Table_1_Adaptation of the binding domain of Lactobacillus acidophilus S-layer protein as a molecular tag for affinity chromatography development.PDF

IntroductionThe S-layer proteins are a class of self-assembling proteins that form bi-dimensional lattices named S-Layer on the cell surface of bacteria and archaea. The protein SlpA, which is the major constituent of the Lactobacillus acidophilus S-layer, contains in its C-terminus region (SlpA284 − 444), a protein domain (named here as SLAPTAG) responsible for the association of SlpA to the bacterial surface. SLAPTAG was adapted for the development of a novel affinity chromatography method: the SLAPTAG-based affinity chromatography (SAC).MethodsProteins with different molecular weights or biochemical functions were fused in-frame to the SLAPTAG and efficiently purified by a Bacillus subtilis-derived affinity matrix (named Bio-Matrix or BM). Different binding and elution conditions were evaluated to establish an optimized protocol.ResultsThe binding equilibrium between SLAPTAG and BM was reached after a few minutes of incubation at 4°C, with an apparent dissociation constant (KD) of 4.3μM. A reporter protein (H6-GFP-SLAPTAG) was used to compare SAC protein purification efficiency against commercial immobilized metal affinity chromatography. No differences in protein purification performance were observed between the two methods. The stability and reusability of the BM were evaluated, and it was found that the matrix remained stable for more than a year. BM could be reused up to five times without a significant loss in performance. Additionally, the recovery of bound SLAP-tagged proteins was explored using proteolysis with a SLAP-tagged version of the HRV-3c protease (SLAPASE). This released the untagged GFP while the cut SLAPTAG and the SLAPASE were retained in the BM. As an alternative, iron nanoparticles were linked to the BM, resulting in BMmag. The BMmag was successfully adapted for a magnetic SAC, a technique with potential applications in high-throughput protein production and purification.DiscussionThe SAC protocol can be adapted as a universal tool for the purification of recombinant proteins. Furthermore, the SAC protocol utilizes simple and low-cost reagents, making it suitable for in-house protein purification systems in laboratories worldwide. This enables the production of pure recombinant proteins for research, diagnosis, and the food industry.

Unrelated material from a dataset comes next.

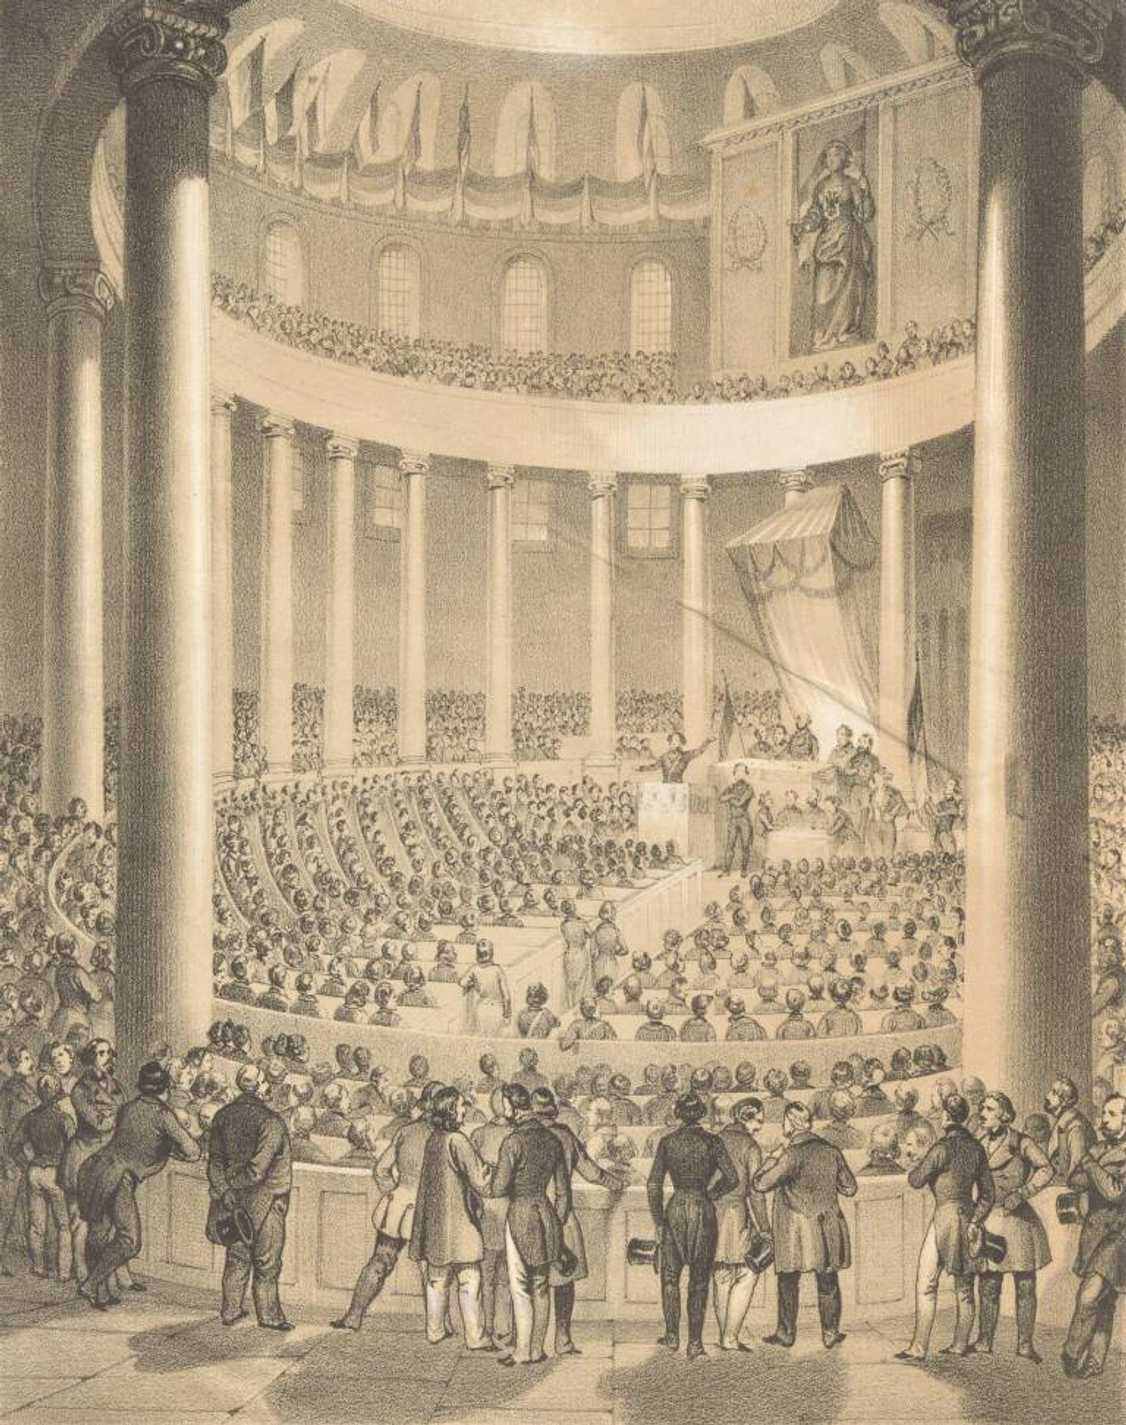 Pohled do jednacího sálu Německého národního shromáždění ve Frankfurtu nad Mohanem (1848).

引言 S层蛋白是一类自组装蛋白，它们在细菌和古菌的细胞表面形成二维晶格，称为S层。蛋白质SlpA，为嗜酸乳杆菌S层的主体成分，在其C端区域（SlpA284 − 444）含有一个负责SlpA与细菌表面结合的蛋白结构域（以下简称SLAPTAG）。SLAPTAG被用于开发一种新型的亲和层析方法：基于SLAPTAG的亲和层析（SAC）。 方法 将不同分子量或生化功能的蛋白质与SLAPTAG在框内融合，并通过来自枯草芽孢杆菌的亲和基质（命名为Bio-Matrix或BM）高效纯化。评估了不同的结合和洗脱条件，以建立优化的协议。 结果 在4°C孵育数分钟后，SLAPTAG与BM之间的结合平衡得以达到，其表观解离常数（KD）为4.3μM。使用报告蛋白（H6-GFP-SLAPTAG）来比较SAC蛋白纯化效率与商业固定化金属亲和层析。两种方法在蛋白纯化性能上未观察到差异。评估了BM的稳定性和可重复使用性，发现该基质在超过一年的时间内保持稳定。BM可重复使用至五次，而性能无明显下降。此外，还探索了使用带有SLAP标签的HRV-3c蛋白酶（SLAPASE）进行蛋白质水解来回收结合的SLAP标记蛋白。这释放了未标记的GFP，而切割的SLAPTAG和SLAPASE则保留在BM中。作为替代方案，将铁纳米颗粒连接到BM上，得到BMmag。BMmag成功地适应了磁性SAC，这是一种在高通量蛋白生产和纯化中具有潜在应用的技术。 讨论 SAC协议可被调整为一种通用的蛋白纯化工具。此外，SAC协议利用简单且低成本的试剂，使其适合全球实验室的内部蛋白纯化系统。这为研究、诊断和食品工业生产纯重组蛋白提供了可能。